Thomas Bonnar (d. 1847) was a Scottish interior designer and architect of note, working in the Edinburgh area. He is particularly remembered for his outstanding ceilings.

Thomas was the father of the artist William Bonnar (1800–1853) and the engraver Thomas Bonnar (1810–1873), who collaborated with each other on several works.

The group are also known by the family company name of Bonnar & Co.

==Life==

Bonnar was born in Edinburgh around 1770, the son of John Bonnar who had created the ceilings in Penicuik House. His family lived in a new house at 6 South St David Street during his teenage years.

He was appointed as a burgess of the city in 1795 and a "sworn measurer" in 1807 and Superintendent of Works for the city in 1809, operating from the Magdalene Chapel in the Cowgate. From 1810 he acted as architect and surveyor to George Heriot’s School. He lost all public posts in January 1819 due to a bungled execution on 30 December (part of his wide scope of duties) which ended in a public riot.

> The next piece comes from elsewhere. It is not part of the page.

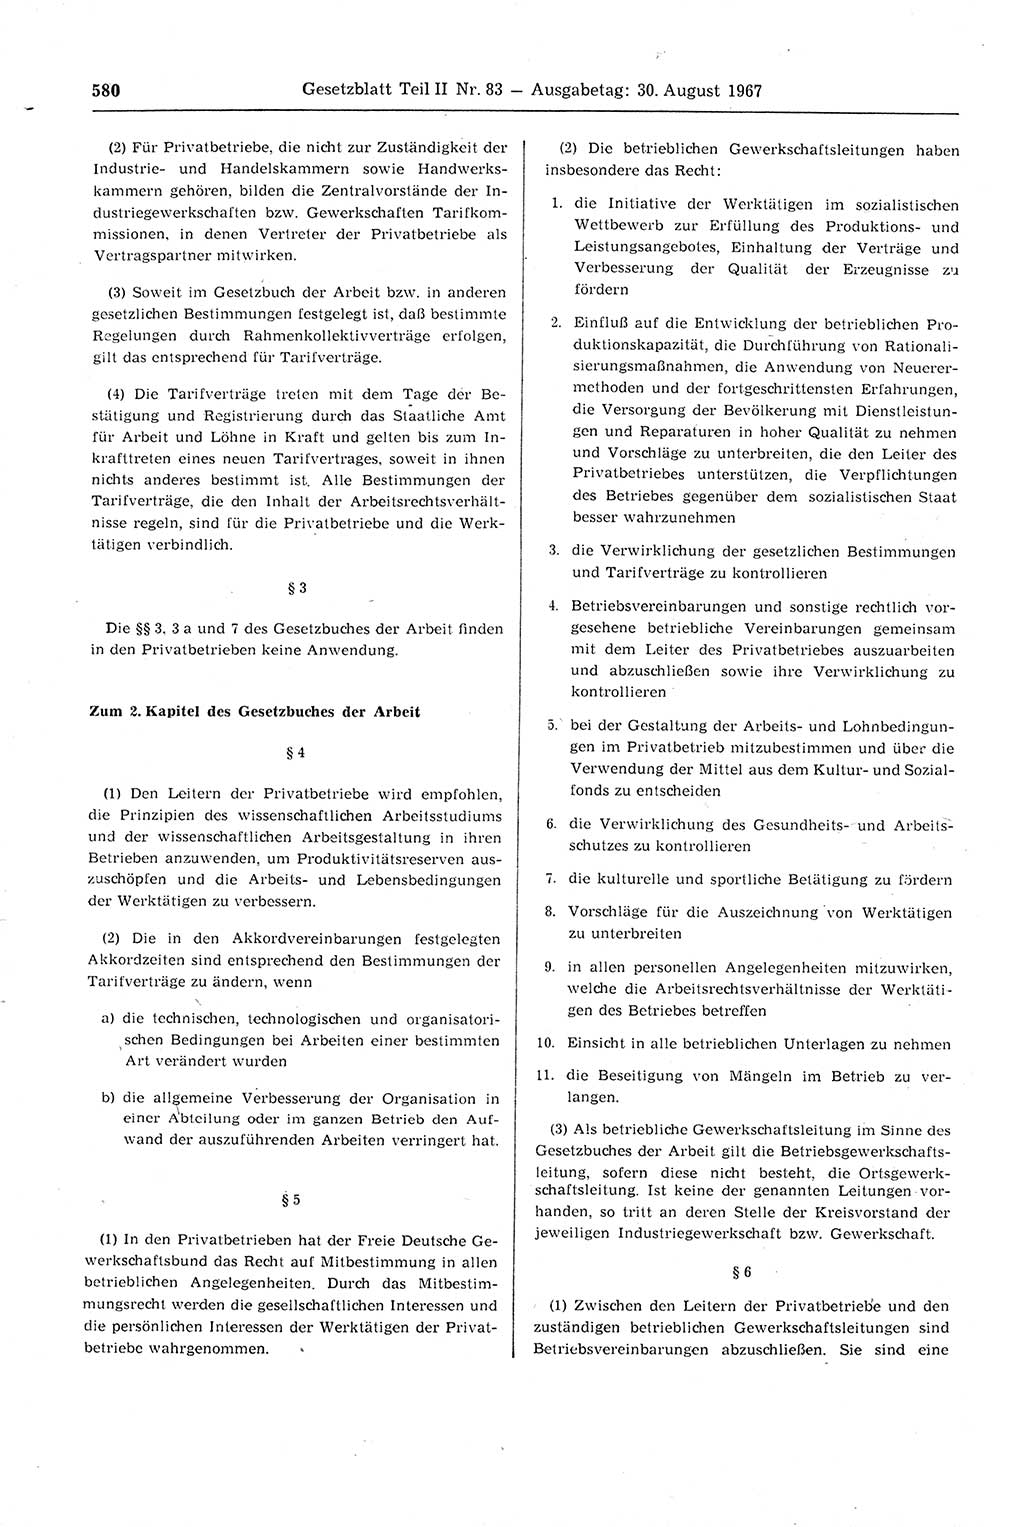 Gesetzblatt (GBl.) der Deutschen Demokratischen Republik (DDR) Teil ⅠⅠ 1967, Seite 580 (GBl. DDR ⅠⅠ 1967, S. 580)

A house at 7 Ann Street is known as "Thomas Bonnar’s House" but there is no record of his living there, but he is responsible for its fine interior decoration. "Thomas Bonar", Superintendent of Works is listed as living at Greenside on Leith Walk in the early 19th century.

He did many fine and many unique interiors, including St Bernard’s Well at Stockbridge.

George Heriot's School replaced him with Alexander Black in 1833.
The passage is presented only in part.